---
title: "Messaging & Event Streaming"
tags: [messaging, kafka, sqs, sns, pub-sub, event-streaming, dlq, queues]
difficulty: medium
estimated_time: 25min
---
## Overview
Messaging systems decouple producers from consumers, enabling async processing, load leveling, and
fault tolerance. There are two primary models: message queues (point-to-point) and pub/sub
(fan-out). Understanding when to reach for each — and which technology backs it — is essential
for any distributed system design.
Message queues (SQS, RabbitMQ) deliver each message to exactly one consumer. A producer enqueues
a message; a consumer polls, processes, and deletes it. If processing fails, the message becomes
visible again after the visibility timeout and gets retried. After a configurable number of retries
the message moves to a Dead Letter Queue (DLQ) for inspection. Queues provide at-least-once
delivery — consumers must be idempotent.
Pub/sub (SNS, Google Pub/Sub) delivers each message to all subscribers of a topic. A single
publish fans out to N subscribers simultaneously — useful for triggering multiple independent
workflows from one event (e.g., an order event triggers inventory, billing, and notification
services). SNS → SQS fan-out is a common pattern: SNS fans out, each downstream service has its
own SQS queue for buffering and independent scaling.

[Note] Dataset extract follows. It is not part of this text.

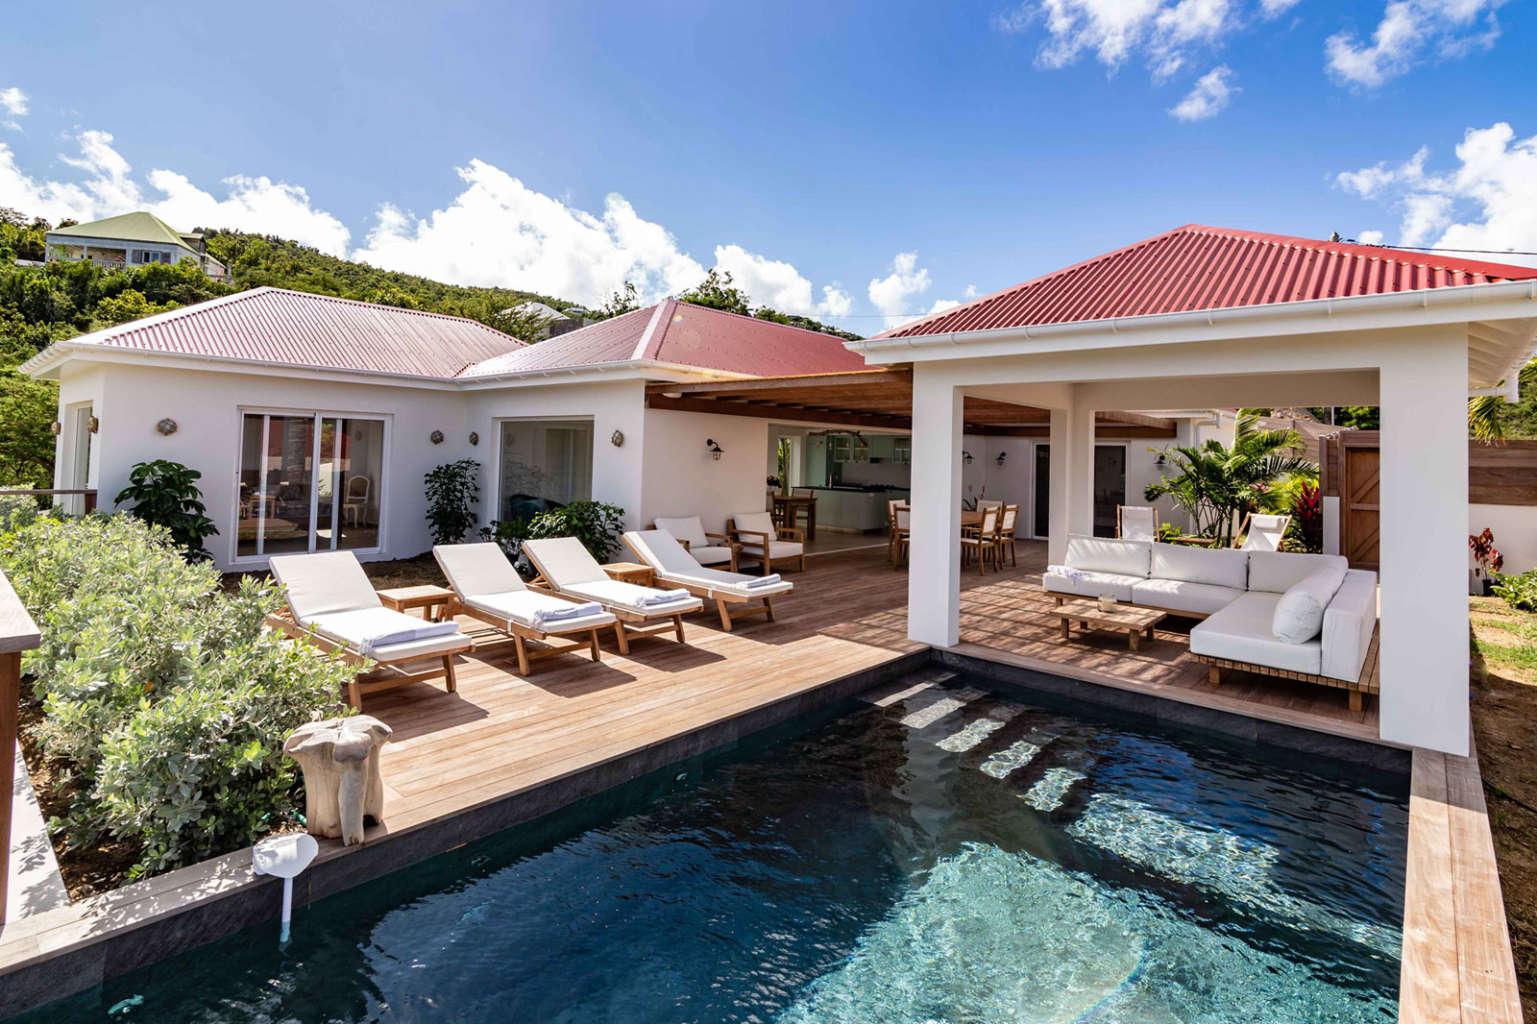 Villa Au Paille En Queue - 2 Bedroom Villa for Rent with Pool - Outside view

Kafka is a distributed log, not just a queue. Messages are persisted to disk with configurable
retention (days, weeks, forever). Consumer groups track their own offset — multiple independent
consumers can read the same stream without interfering. Kafka excels at high-throughput event
streaming, audit logs, CDC (change data capture), and any use case requiring replay. The
tradeoff: operational complexity and higher baseline cost than managed queues.
## When to Use
- **SQS Standard**: async task offloading, decoupling microservices, work queues (image
processing, email sending, report generation).
- **SQS FIFO**: ordered processing (financial transactions, state machines) — 3,000 msg/s
throughput limit; higher cost.
- **SNS**: fan-out to multiple subscribers, sending push notifications (mobile, email, SMS).
- **Kafka**: high-throughput event streams, audit logs, CDC pipelines, event sourcing,
stream processing (Flink, Spark Streaming), any case needing replay or multiple consumers.
- **DLQ**: always configure one — it's your safety net for poison-pill messages.
## Trade-offs & Gotchas
- SQS is at-least-once — duplicate messages are possible. Consumers must be idempotent (use an
idempotency key stored in a DB or cache).
- SQS visibility timeout must be longer than your max processing time, or messages will be
re-delivered while still being processed.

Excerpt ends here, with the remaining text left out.